RECORD SET:

Start of Block

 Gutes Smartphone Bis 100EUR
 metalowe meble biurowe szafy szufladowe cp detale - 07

End of Block
Start of Block

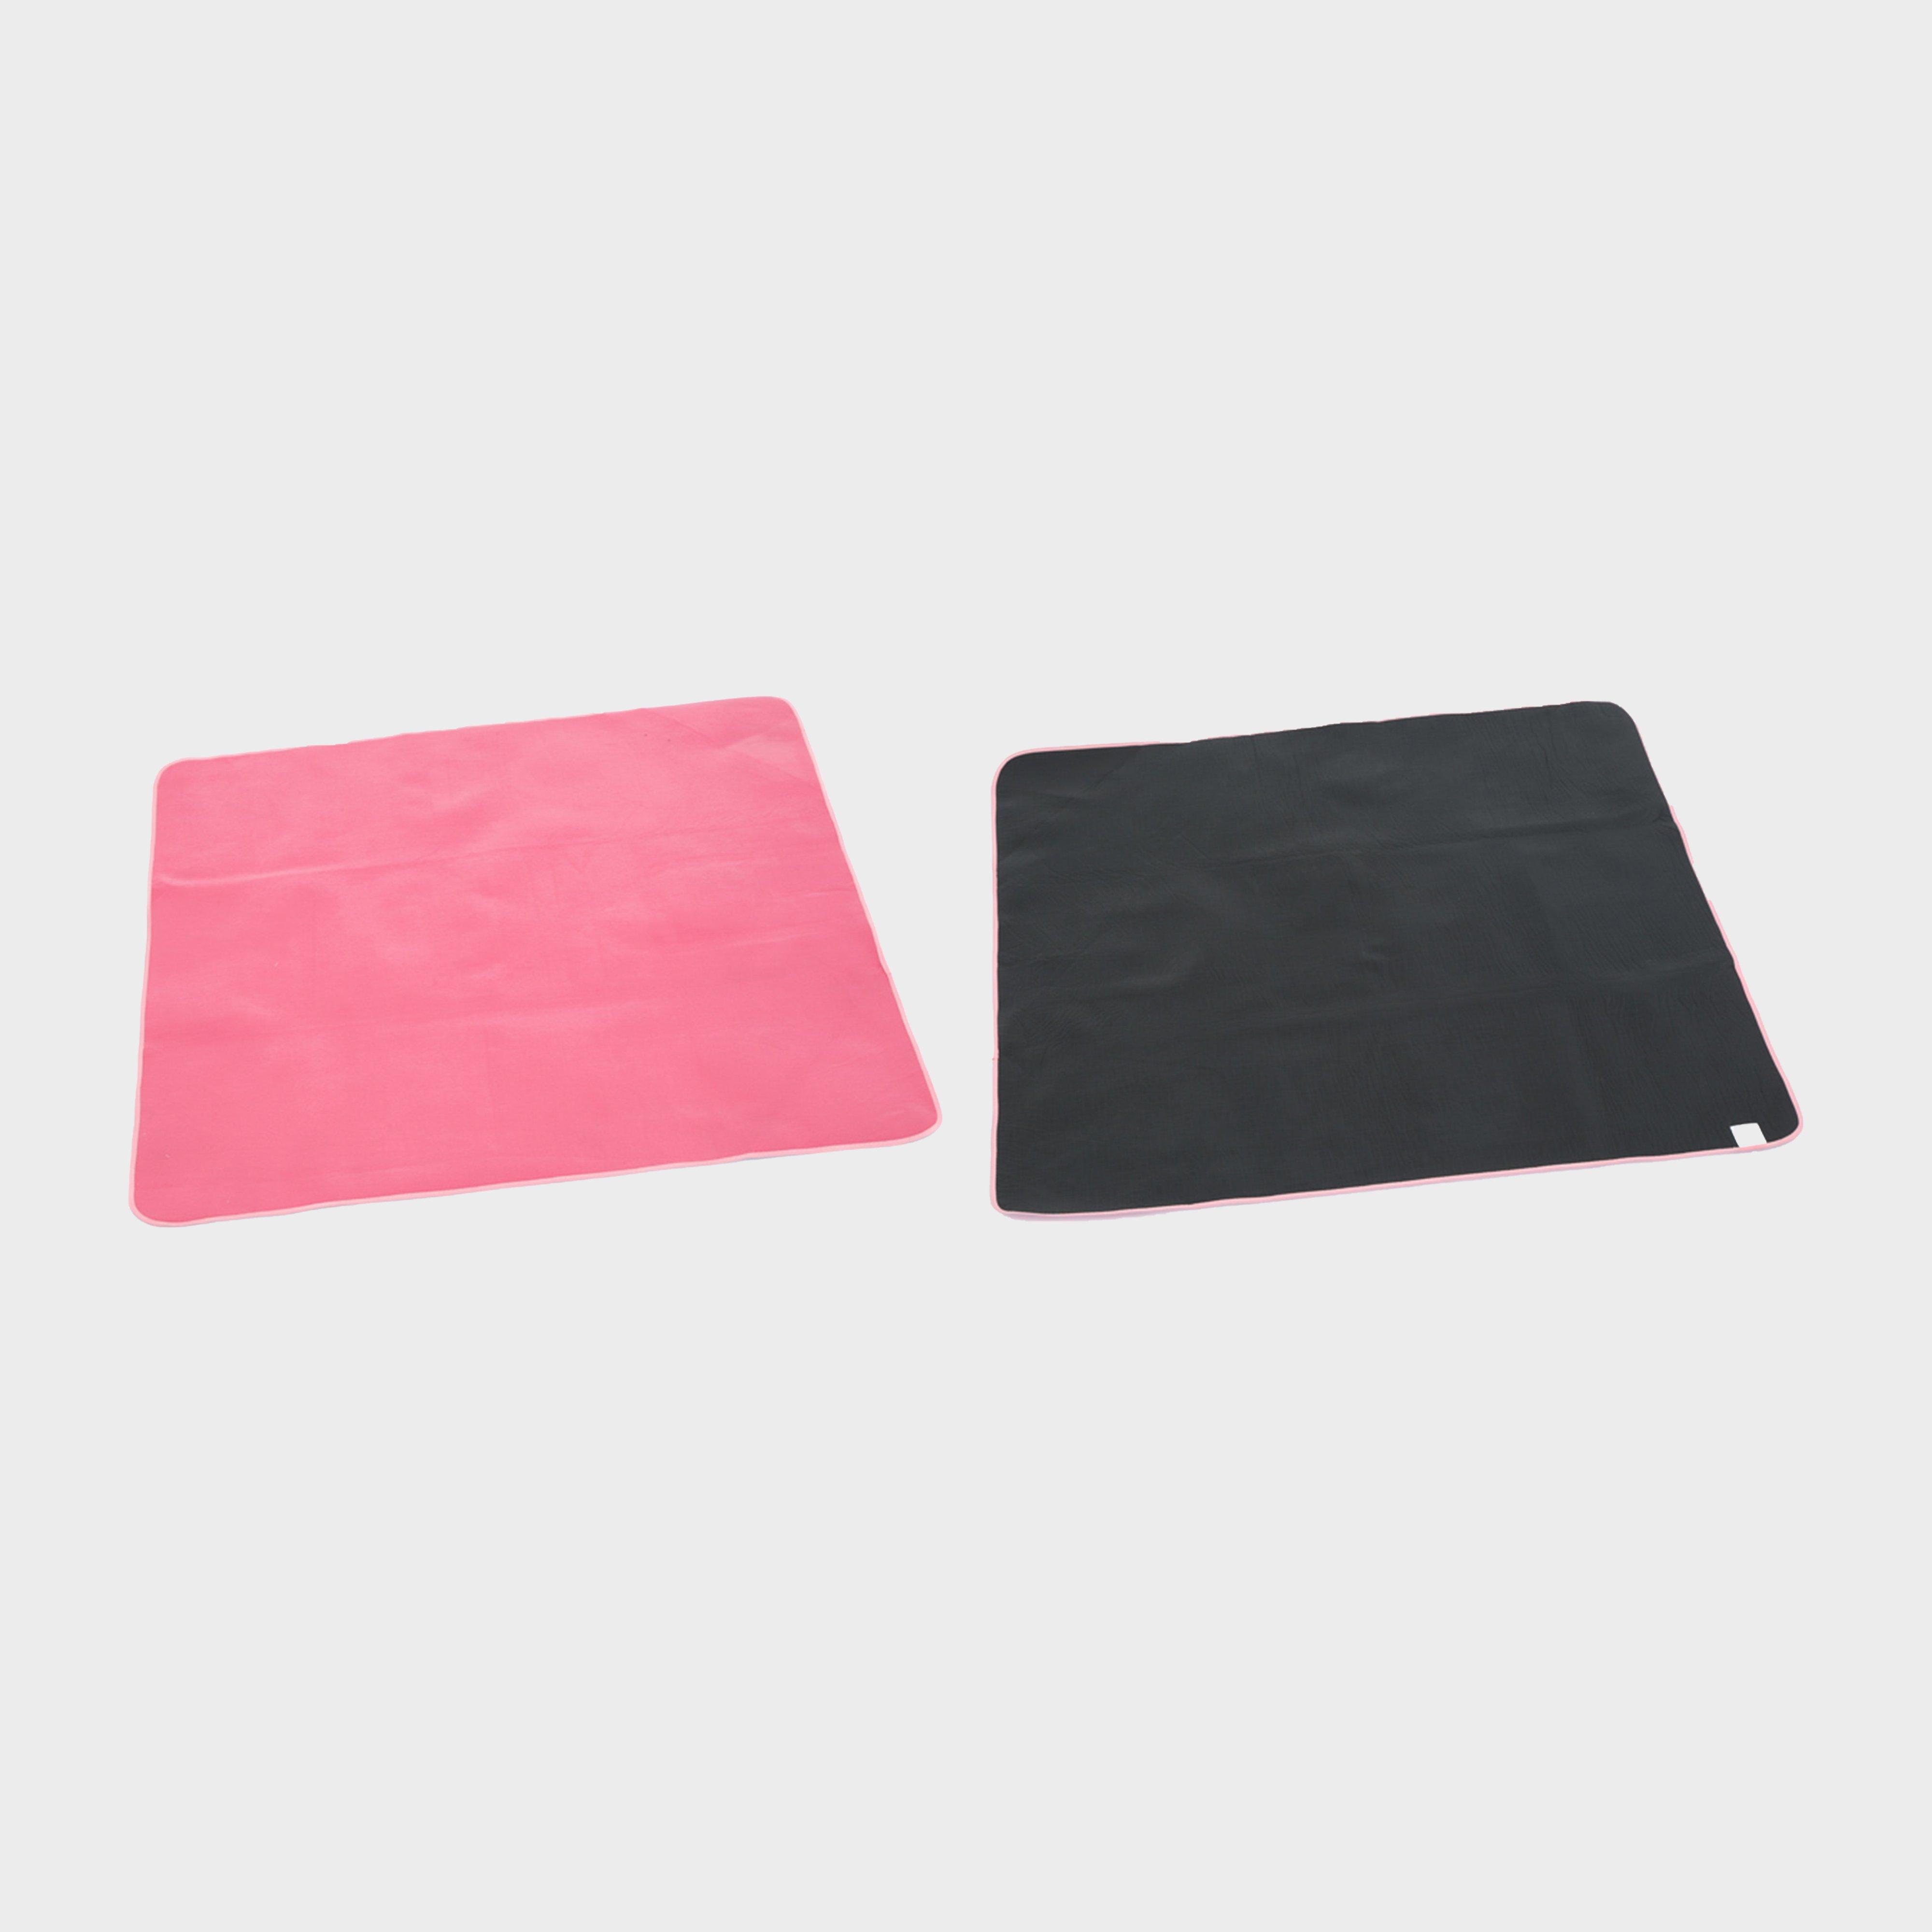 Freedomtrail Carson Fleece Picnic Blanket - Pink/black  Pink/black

End of Block

THE PROBLEM:
All that is wanted is an exact copy of the lines above from the one with "Gutes Smartphone Bis 100EUR" through the one with "metalowe meble biurowe", with both ends included.

RESPONSE FOR THIS EXERCISE:
 Gutes Smartphone Bis 100EUR
 metalowe meble biurowe szafy szufladowe cp detale - 07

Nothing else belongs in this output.